*** DATA FOR THE TASK ***
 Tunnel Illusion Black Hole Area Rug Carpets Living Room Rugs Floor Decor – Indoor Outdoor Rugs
*** End of DATA FOR THE TASK ***
*** DATA FOR THE TASK ***
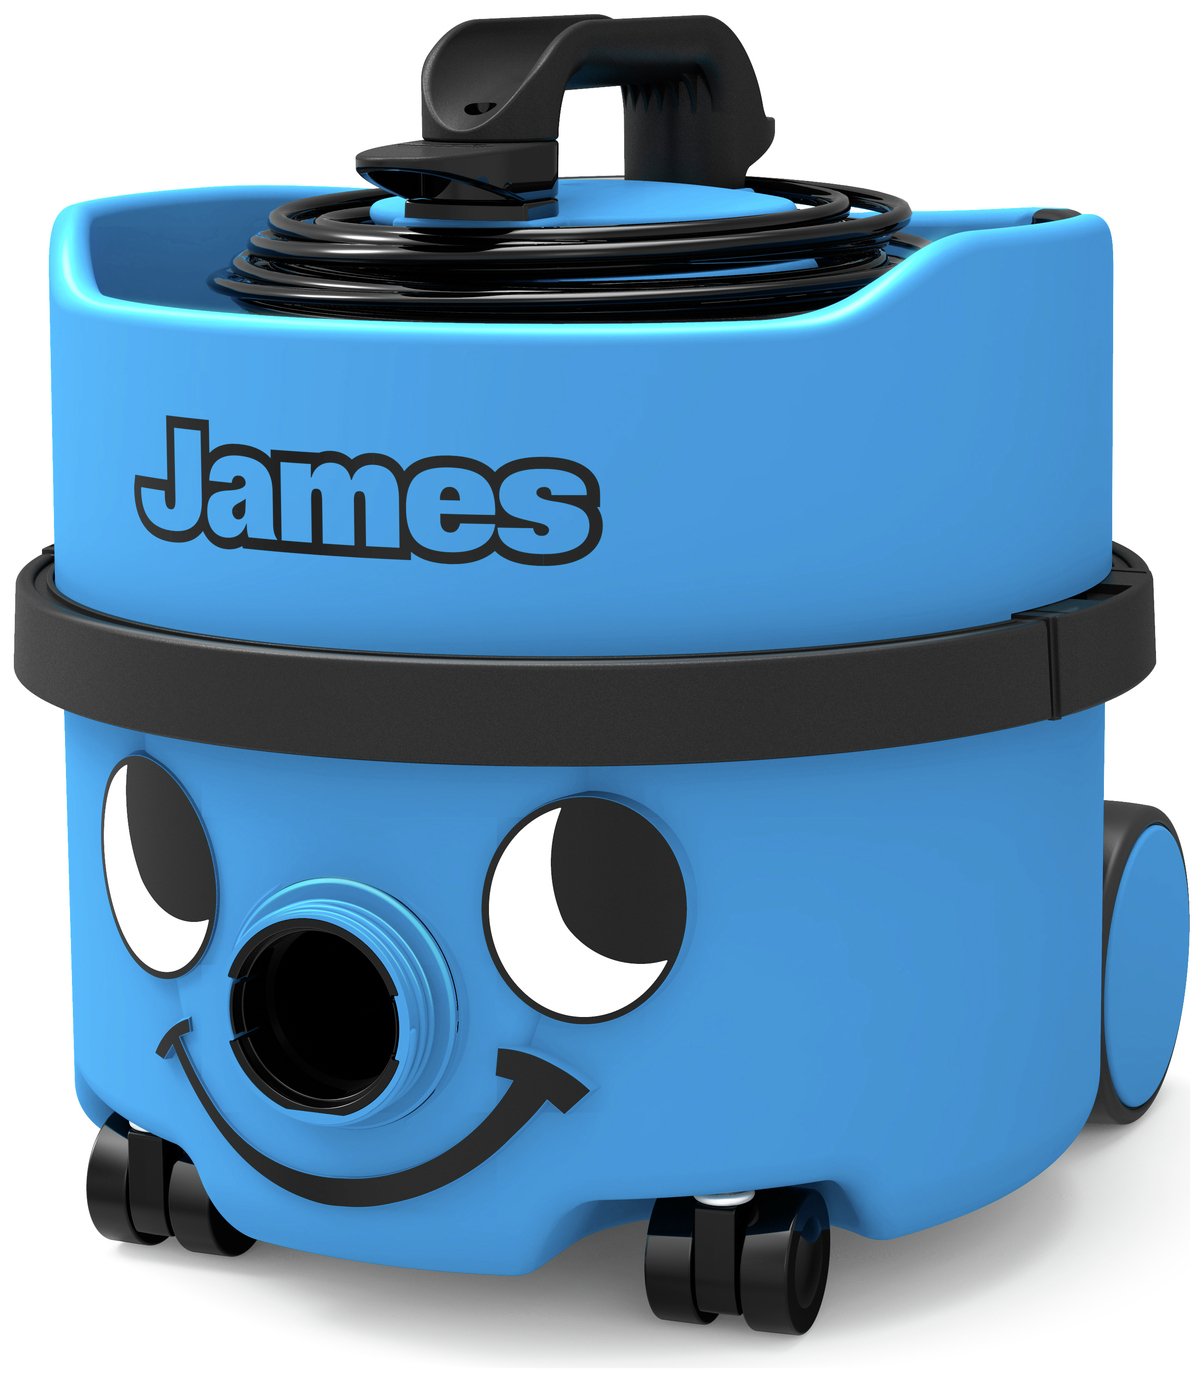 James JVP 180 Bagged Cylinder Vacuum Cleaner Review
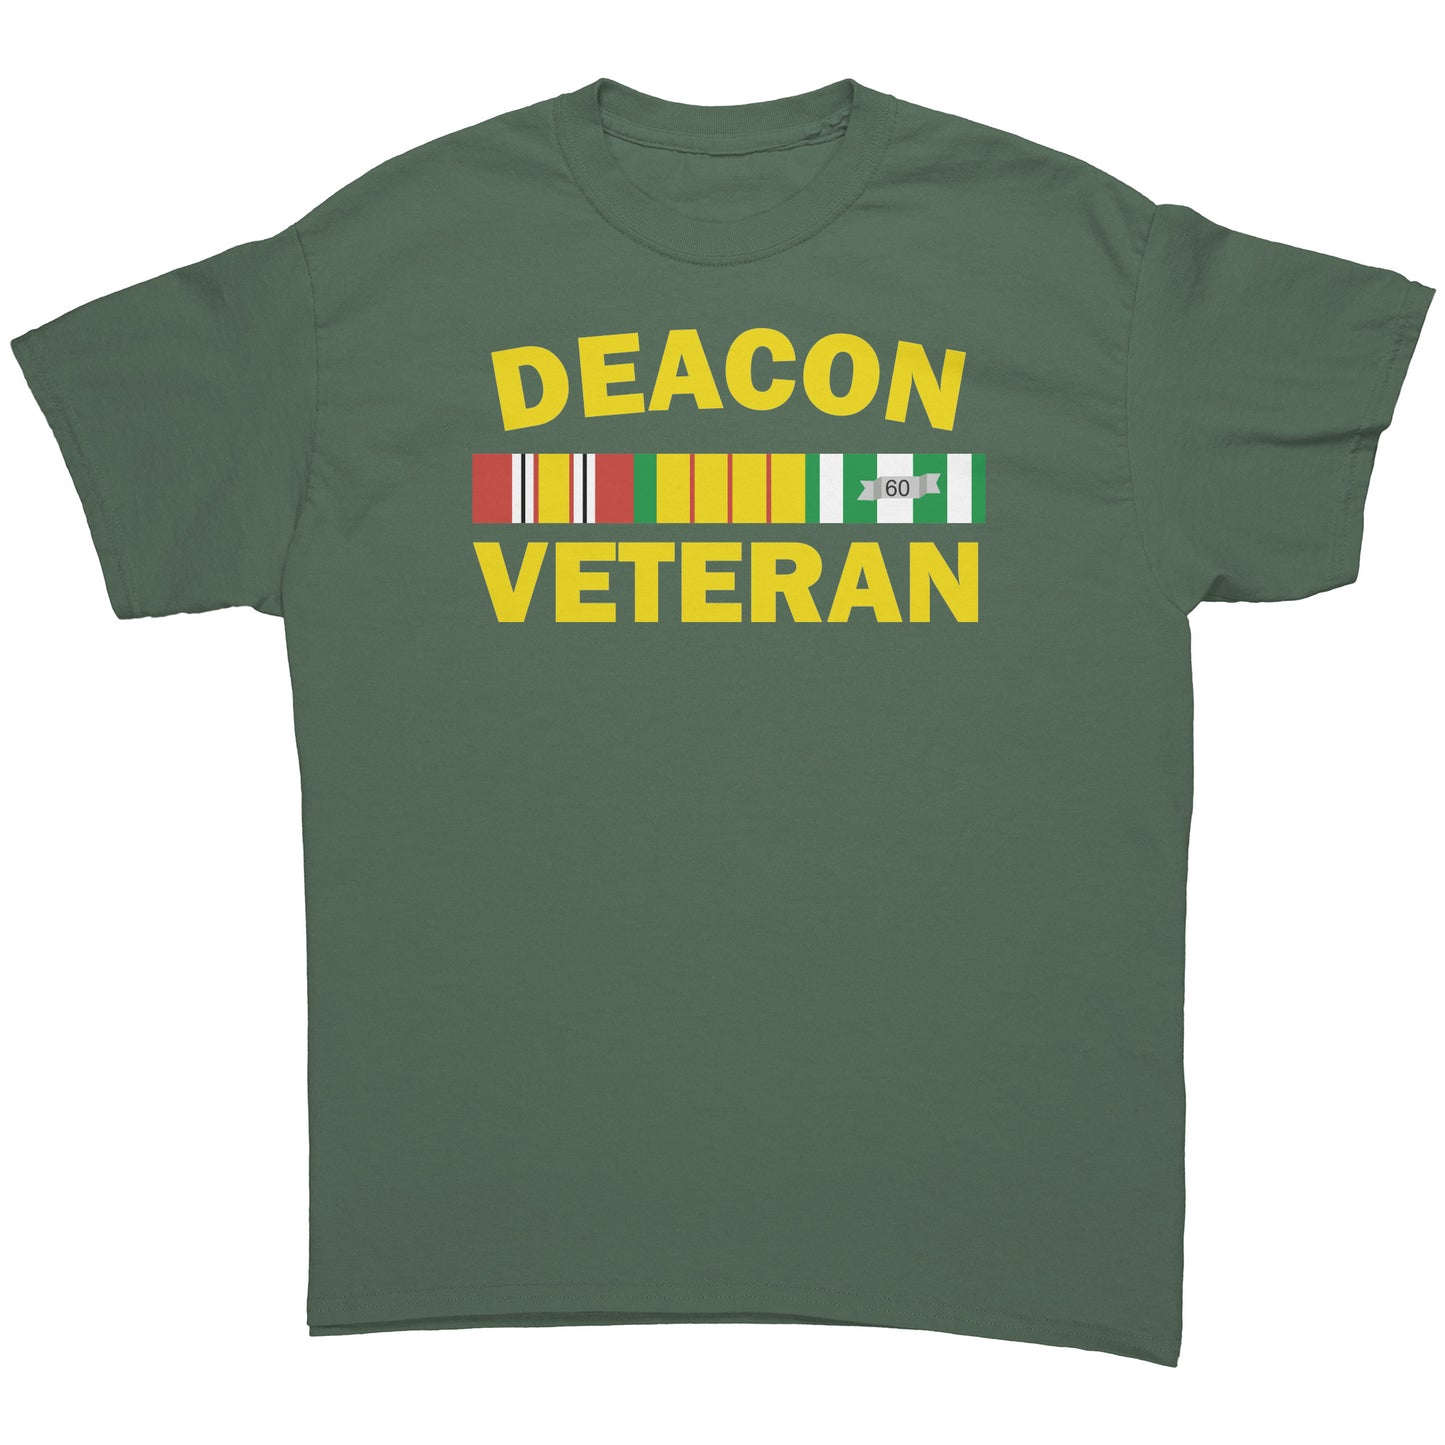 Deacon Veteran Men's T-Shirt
*** End of DATA FOR THE TASK ***
*** DATA FOR THE TASK ***
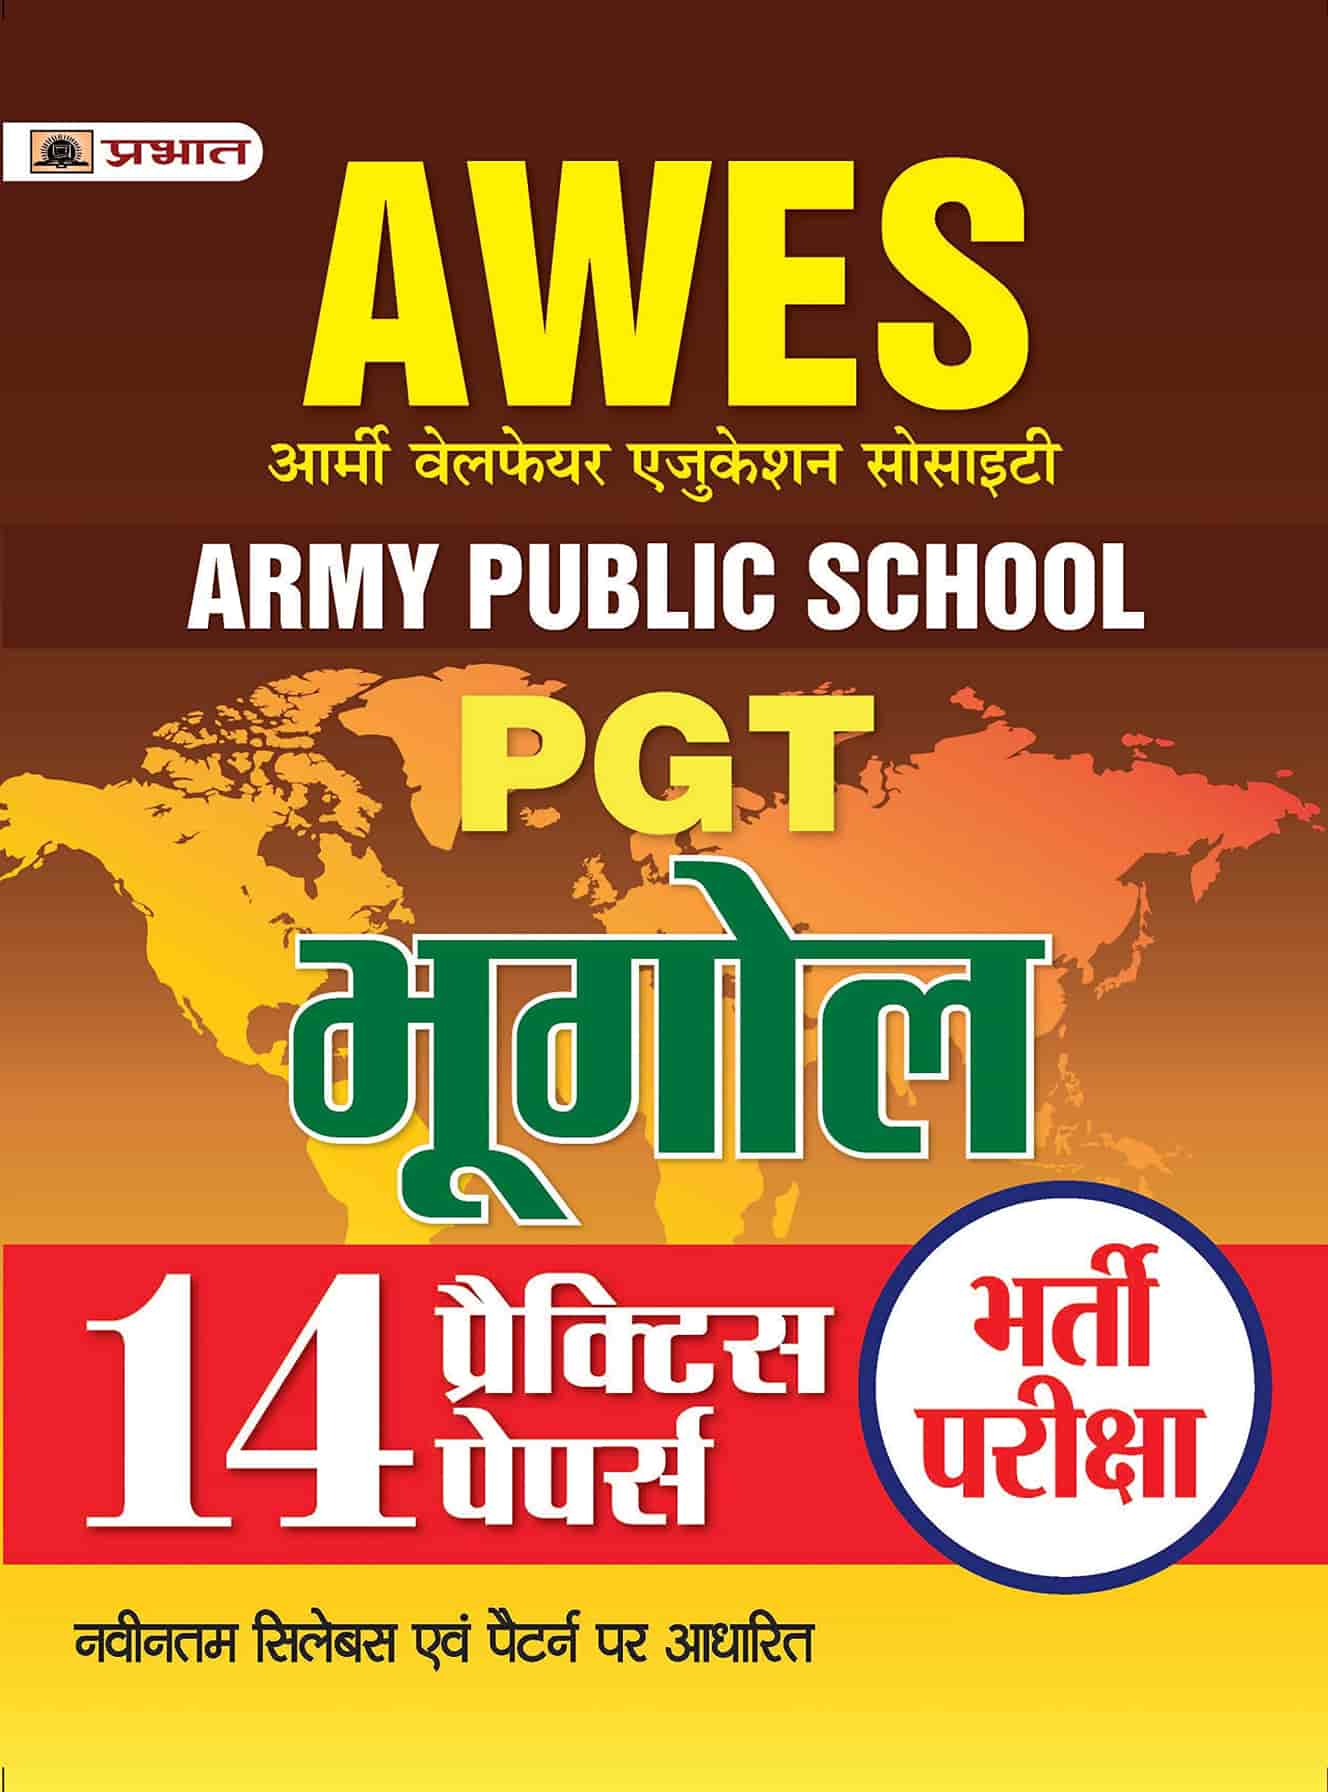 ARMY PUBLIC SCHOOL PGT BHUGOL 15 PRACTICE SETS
*** End of DATA FOR THE TASK ***
▶ [WHAT THE TASK REQUIRES]: What you return must match the lines above from the one with "James JVP 180" through the one with "Deacon Veteran Men's T-Shirt" exactly, with both ends included and the pictures excluded.

▶ [PROBLEM SOLUTION]:
 James JVP 180 Bagged Cylinder Vacuum Cleaner Review
 Deacon Veteran Men's T-Shirt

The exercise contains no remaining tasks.